The development logic is that consumption-boosting transfers, though socially beneficial, do not substitute for job creation and human capital formation. If States prioritise UCTs over capital expenditure, growth potential declines and welfare dependency may rise.
Impacts
Short-term:
- Increased consumption among low-income households
- Enhanced financial autonomy for women Medium-term risks:
- Lower capital formation
- Reduced labour productivity growth
- Rising fiscal stress and deficits
3. Fiscal Structure of States: Shifting Composition of Expenditure
Revenue expenditure constitutes 84% of total State spending (2023-24), slightly lower than 86% in 2018-19. However, within revenue expenditure, the composition has shifted significantly towards UCTs and other committed outlays (e.g., salaries, pensions, interest payments). This trend reduces the fiscal space available for discretionary or developmental spending.
States with persistent revenue deficits face greater difficulty in reprioritising resources. When expenditure items lack sunset clauses, periodic review mechanisms or performance-linked criteria, they become permanently “locked in”, creating structural rigidity in State budgets.
The Survey cautions that rising committed expenditures limit fiscal resilience during economic shocks. When revenues stagnate or deficits rise, capital expenditure often becomes the first casualty due to its discretionary nature, even though it has a much higher multiplier effect.
The fiscal logic is that rigid revenue expenditure—especially via unconditional schemes—erodes States’ ability to invest in future growth drivers. Ignoring this shift risks creating a cycle of low growth, high deficits and constrained public investment.
Challenges
- Rising committed revenue expenditure
- Inadequate review mechanisms and absence of sunset clauses
- Reduced capacity to expand capital expenditure
- Elevated deficits in several States
4. The Fiscal Trade-off: Welfare Commitments vs Developmental Investment
The Survey highlights a core trade-off confronting States: expanding UCT programmes improves short-term welfare but reduces resources for social and physical infrastructure unless deficits rise. However, increasing deficits is not a sustainable option, especially for States already struggling with debt stress.
Many States face competing demands—welfare commitments, infrastructure expansion, social sector delivery, and fiscal consolidation under the FRBM framework. Cash transfer programmes that are universal or perpetual exacerbate this tension, limiting States’ ability to undertake high-impact capital projects or innovations in service delivery.

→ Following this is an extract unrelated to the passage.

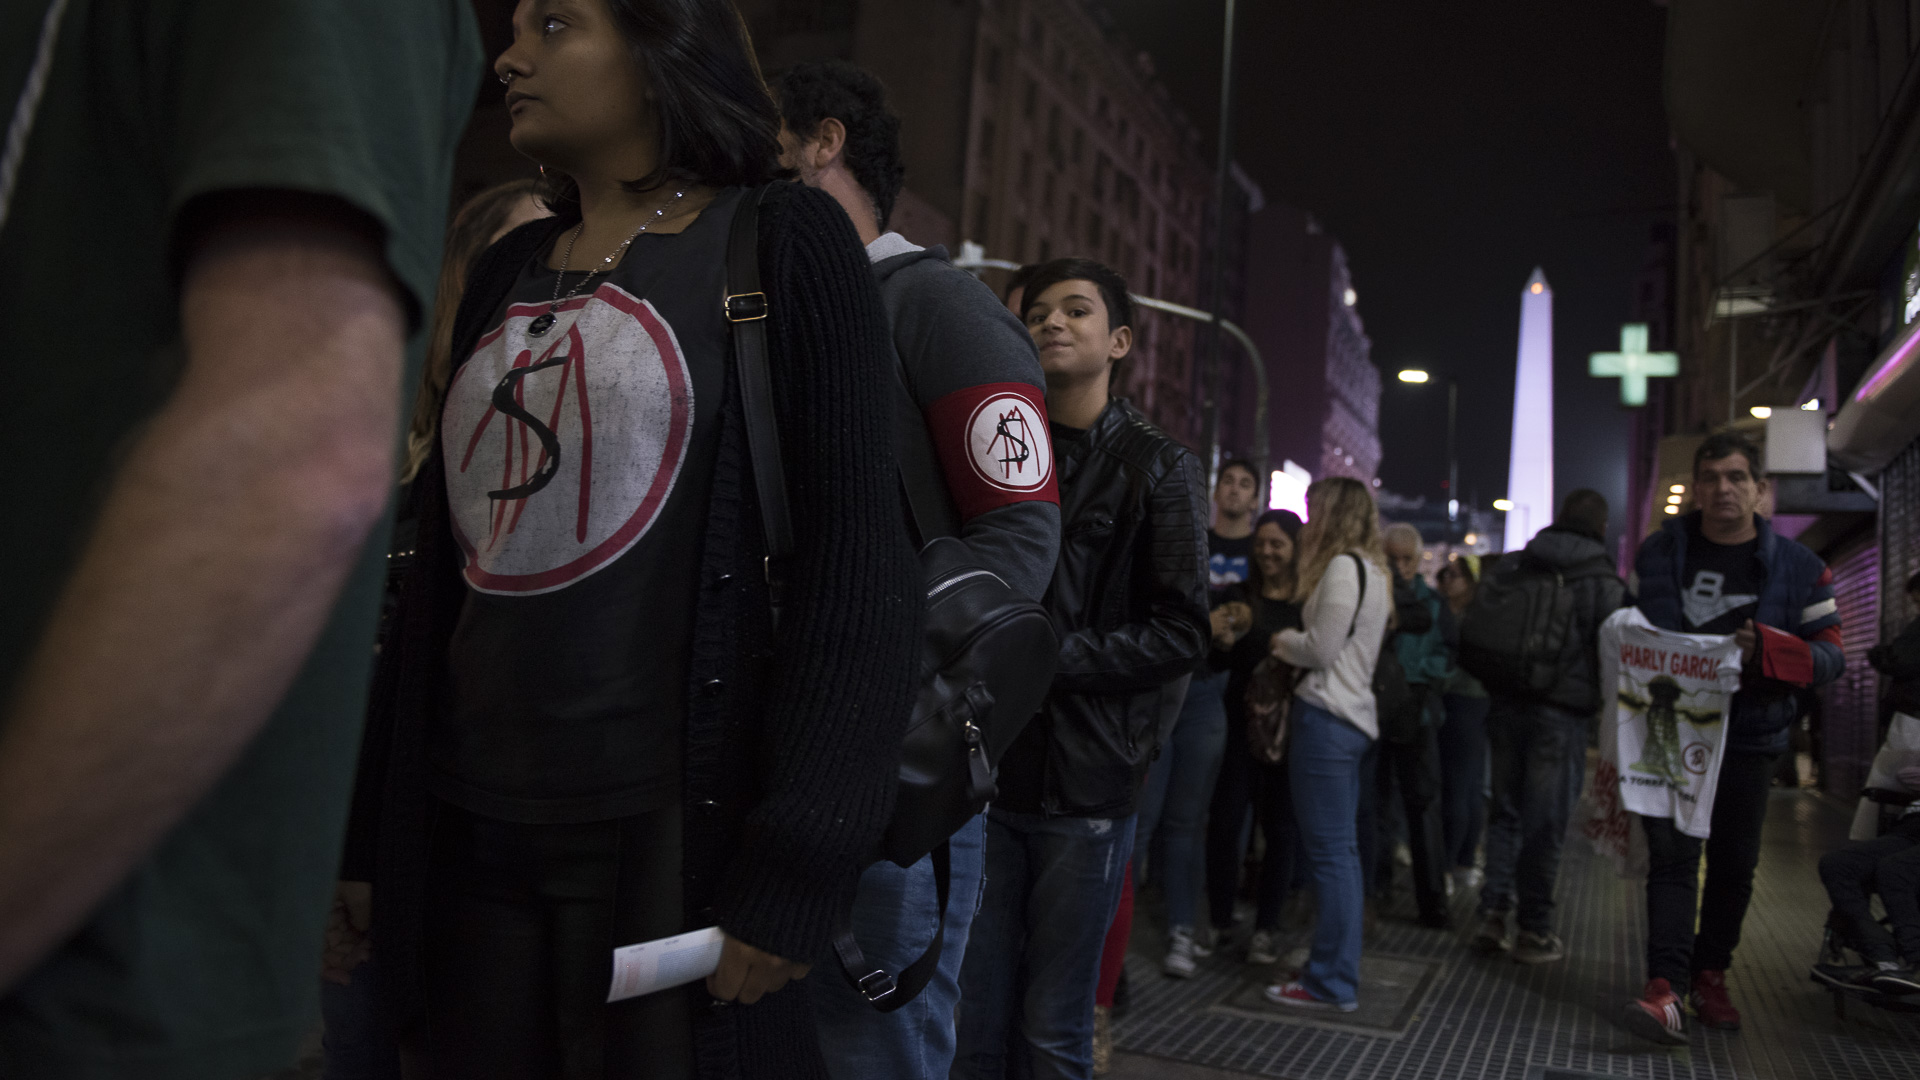 """La fila de ingreso sobre la calle Corrientes. Muchos lucieron el logo de """"Say no more"""", el histórico álbum de Charly"""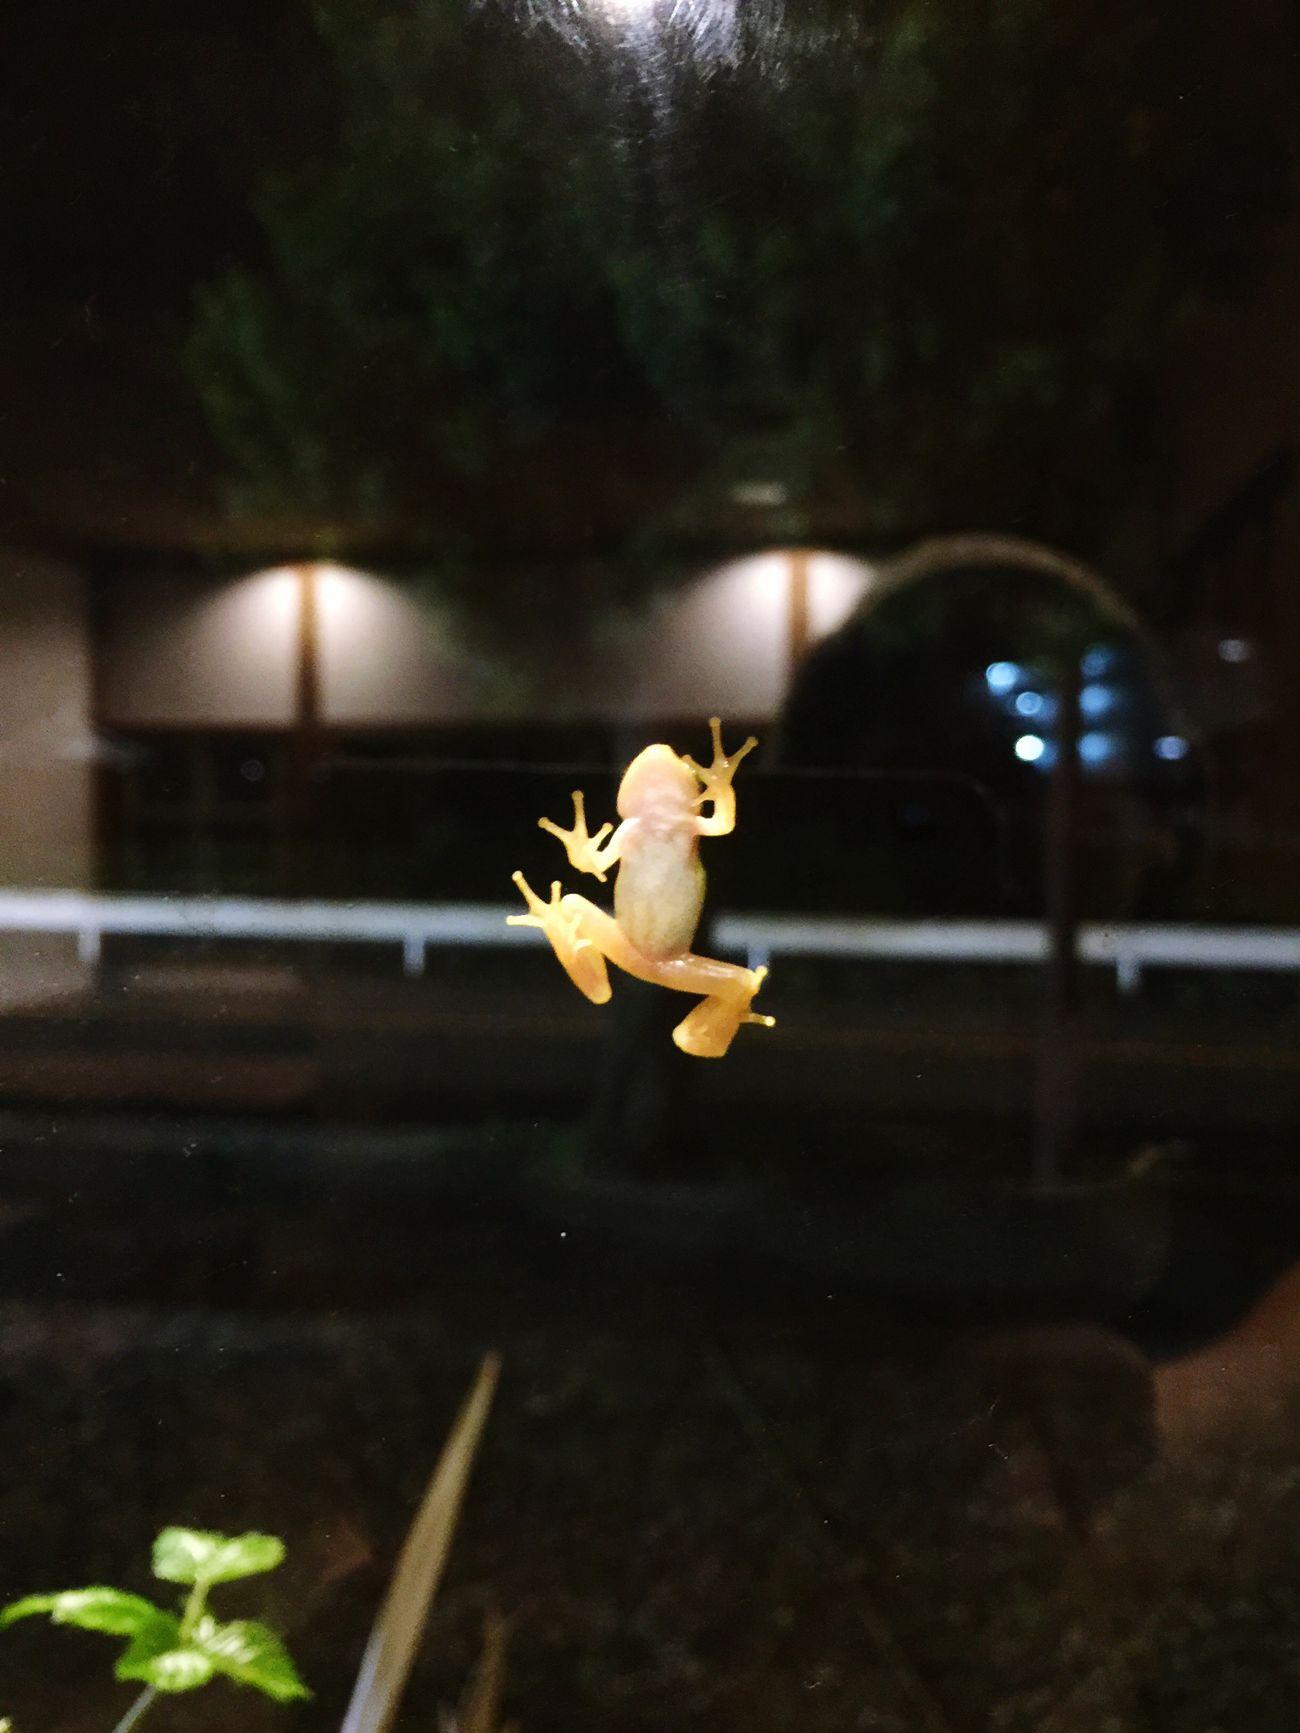 雨上がり 雨蛙 窓ガラス かわいい

A constrained fiscal environment also affects human capital outcomes. Inadequate capital investment in schools, health facilities, digital infrastructure or irrigation systems reduces long-term economic resilience and productivity gains for large populations.
The policy logic is that States must balance welfare objectives with long-term growth imperatives. If States continue expanding unconditional schemes without reprioritisation, they risk weakening their growth foundation and compromising future welfare capacity.
Consequences
- Crowding out of capital expenditure
- Delayed infrastructure creation
- Reduced fiscal space for skilling, health and education
- Heightened debt vulnerabilities
Conclusion
Unconditional cash transfers have clear welfare gains, especially for vulnerable groups, but their rapid expansion has created fiscal challenges that the Economic Survey 2025-26 brings into sharp focus. The core governance challenge is achieving a balance between short-term social protection and medium-term developmental investment. Sustainable welfare must be anchored in strong growth, which in turn depends on adequate capital expenditure, skilling and job creation. A calibrated approach—featuring periodic evaluations, sunset clauses and complementary investments—will be essential for long-term fiscal stability and inclusive development.